For every doubling of speed, the impact energy quadruples. Equally, for every 10% increase in speed, the impact energy increases by 21%. It is the impact energy that the car’s design has to accommodate for in its (‘ANCAP’) safety rating. The inviolable laws of physics dictate that there is an upper limit to the capacity of any car to absorb, safely, impact energy.
We consolidate traffic flow driving skills on a multi-laned road by encountering more multi-laned roundabouts, traffic lights and changing lanes in increasingly heavier traffic densities.
4. HAZARD PERCEPTION AND AVOIDANCE
We turn off the multi-laned road into a wider city block street. Having driven through a couple of wider but single laned roundabouts, we drive toward where it narrows. Therefore we slow from 35-40 km/h to more like 15-20 km/h. The street has parallel parked cars to the left. It also has central forward 45 degree angle parking on the right. Pedestrians abound. Some (particularly the three year olds) are potentially hidden by bushes and (especially larger) vehicles. Drivers doors open suddenly as we approach them. A single unbroken lane line to the right cannot be crossed unless necessary.
Low risk driving compels a slower speed!
We turn right at the next roundabout into an equally narrow single lane. This street has 90 degree angle parked cars on the right. Even more camouflage for suddenly-emerging pedestrians (not to mention cyclists, skateboard riders and even wheelchair drivers!).
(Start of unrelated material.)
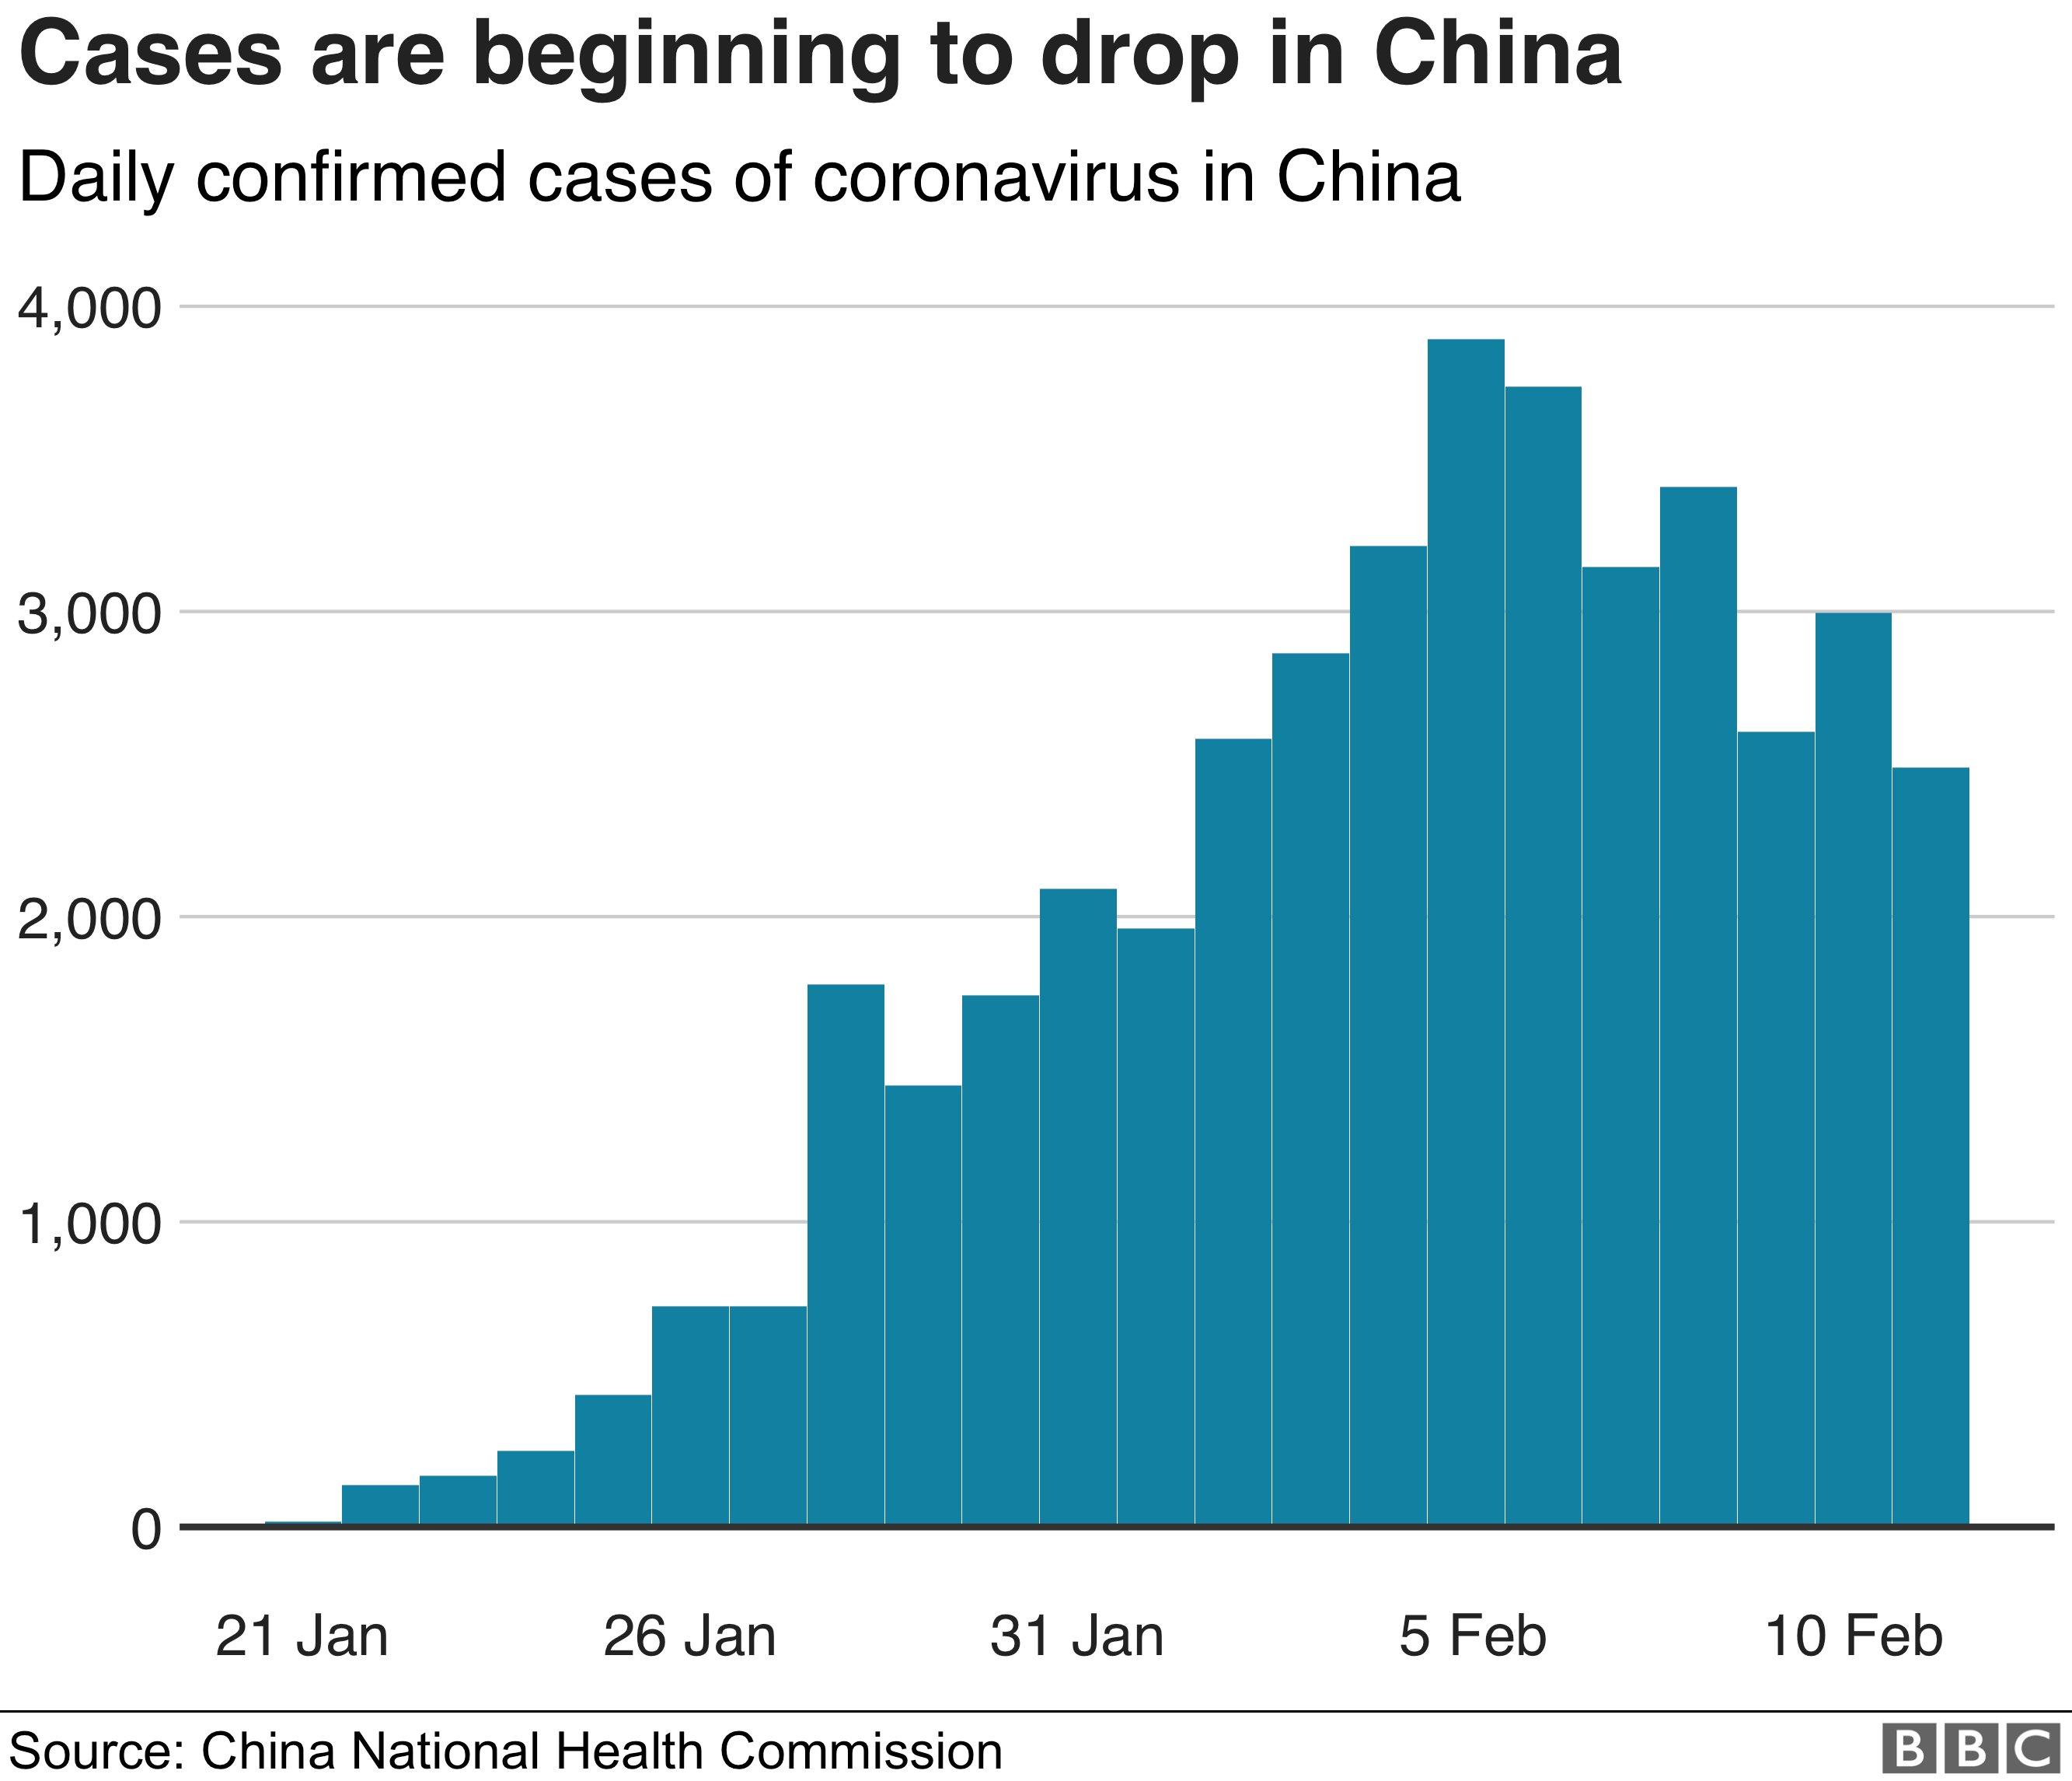 Chart showing how daily confirmed cases of coronavirus in China are beginning to drop from a peak on 5 Feb

At the next roundabout, itself within 200m of four hotels and with a funeral-holding church on its opposite corner, the lane widens into two. The second is a right-turn-only lane.
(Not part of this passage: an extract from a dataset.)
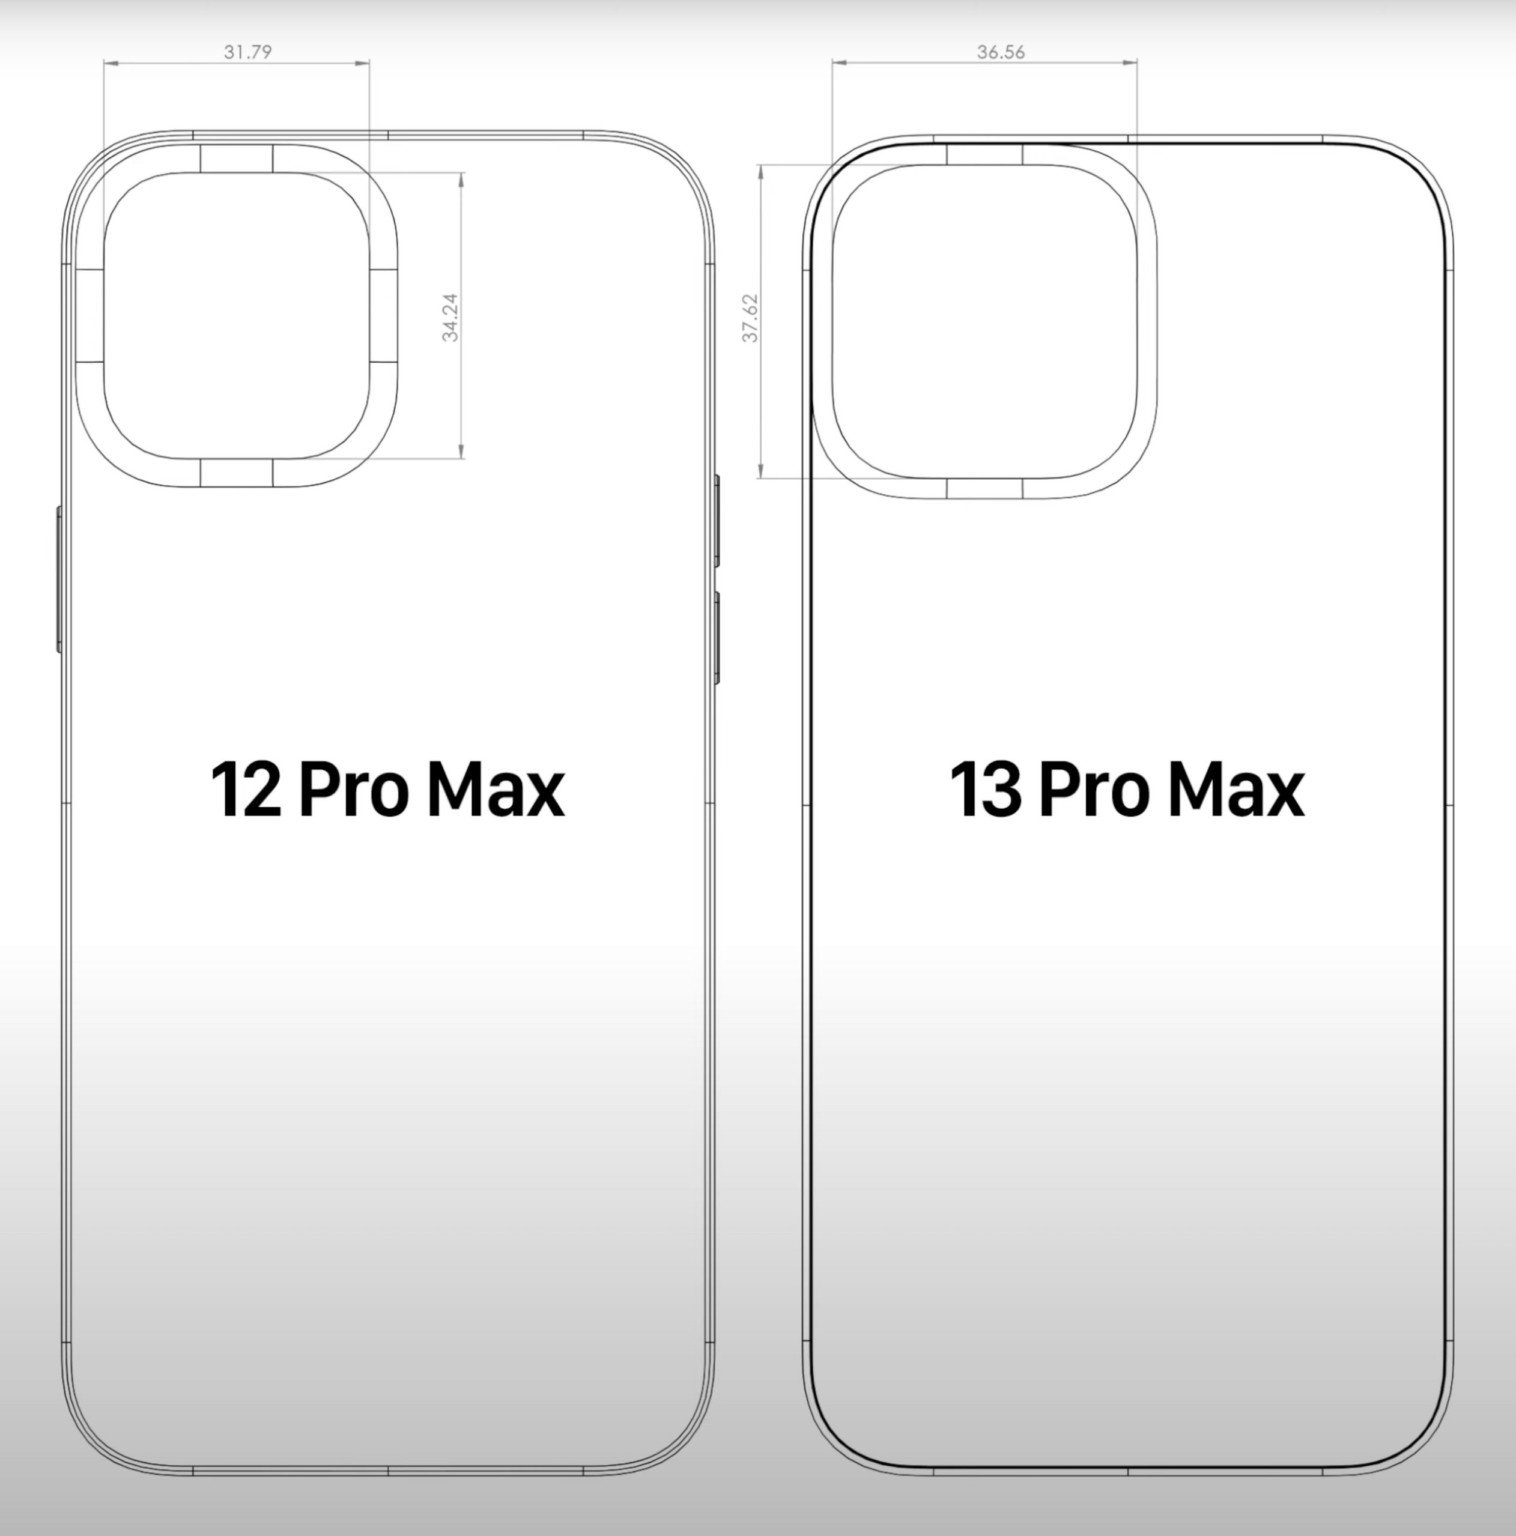 iphone 11 pro max size in inches

We drive straight ahead by intensively keeping within the tight outer lane, past more frontal 45 degree angle parking on our right. Then, through two busy – and deceptively ‘open’ – multi-laned roundabouts, into a two-way entrance of a busy undercover supermarket car park.
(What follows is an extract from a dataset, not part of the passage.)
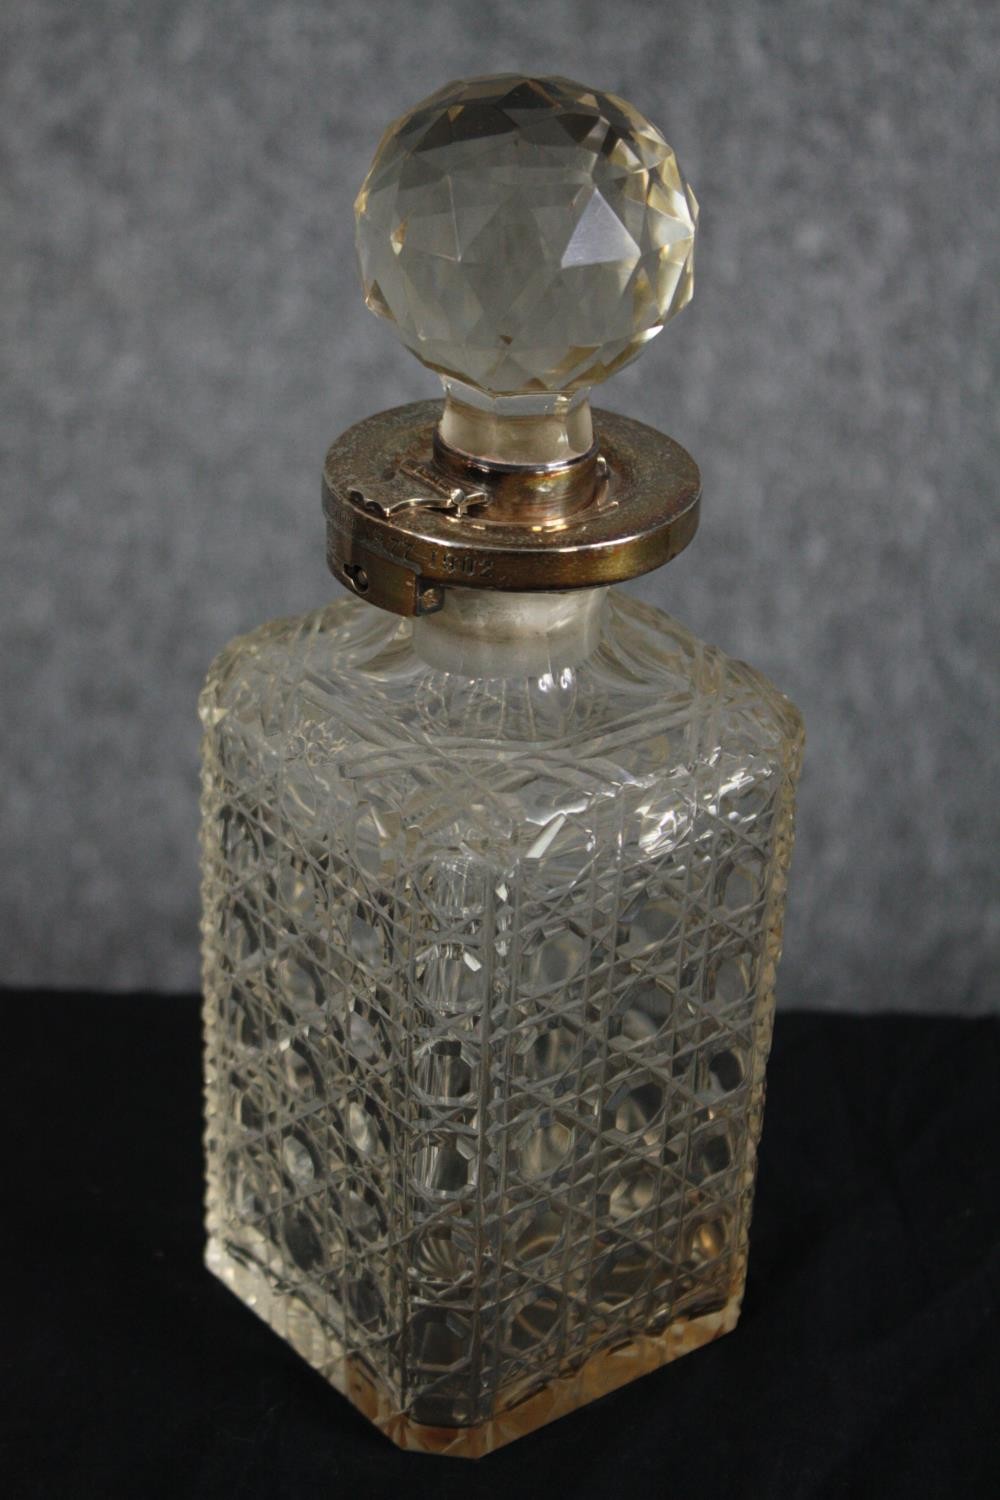 A rare antique cut glass decanter with silver Betjemann's patent lock. Missing its key but unlocked. - Image 2 of 3

Under the 10 km/h speed limit of the car park’s ‘shared zone’, we drive to a quiet area. I ask the applicant to reverse 90 degrees leftwards into a space between two parked cars. I encourage the client to estimate the best start-off position and, when necessary, to glance at the mirrors. (S)he does and successfully manoeuvres the car into a tight marked space by executing a 90 degree reverse angle park.
Challenging low risk driving!
HAZARDOUS CBD DRIVING
On our way back to the CBD we turn left into a busy and very wide bi-laned road from a ‘stop’ sign. Turning right at a multi-laned roundabout, the client checks as (s)he indicates her/his exit. (S)he repeats that procedure in turning right at the next single-lane roundabout and, again, going straight at the second of two roundabouts. We stop again to let a car in front of us reverse into a angle parking spot. Stopping at the “stop” sign at the next four-way intersection, the client, at the four way intersection after that, negotiates her/his way across it. (S)he then enters a one-way street with a row of angle parked cars either side of us. At slow speed we negotiate speed bumps. We prepare to turn right again into the wide bi-laned road.
Having negotiated passage through two multi-laned roundabouts, we again turn right. In passing through another roundabout we come to a stop to let pedestrians cross the ‘shared zone’ street we’re just entering. It is tempting to not keep the car’s speed to less than 10 km/h. The car behind is all too close. We stop twice more for pedestrians (one on a skateboard) in a position to cross in front of us. And stopping again for approaching pedestrians before turning left at the next roundabout. We then head towards the Registry’s car park where a formal assessment will begin. (27).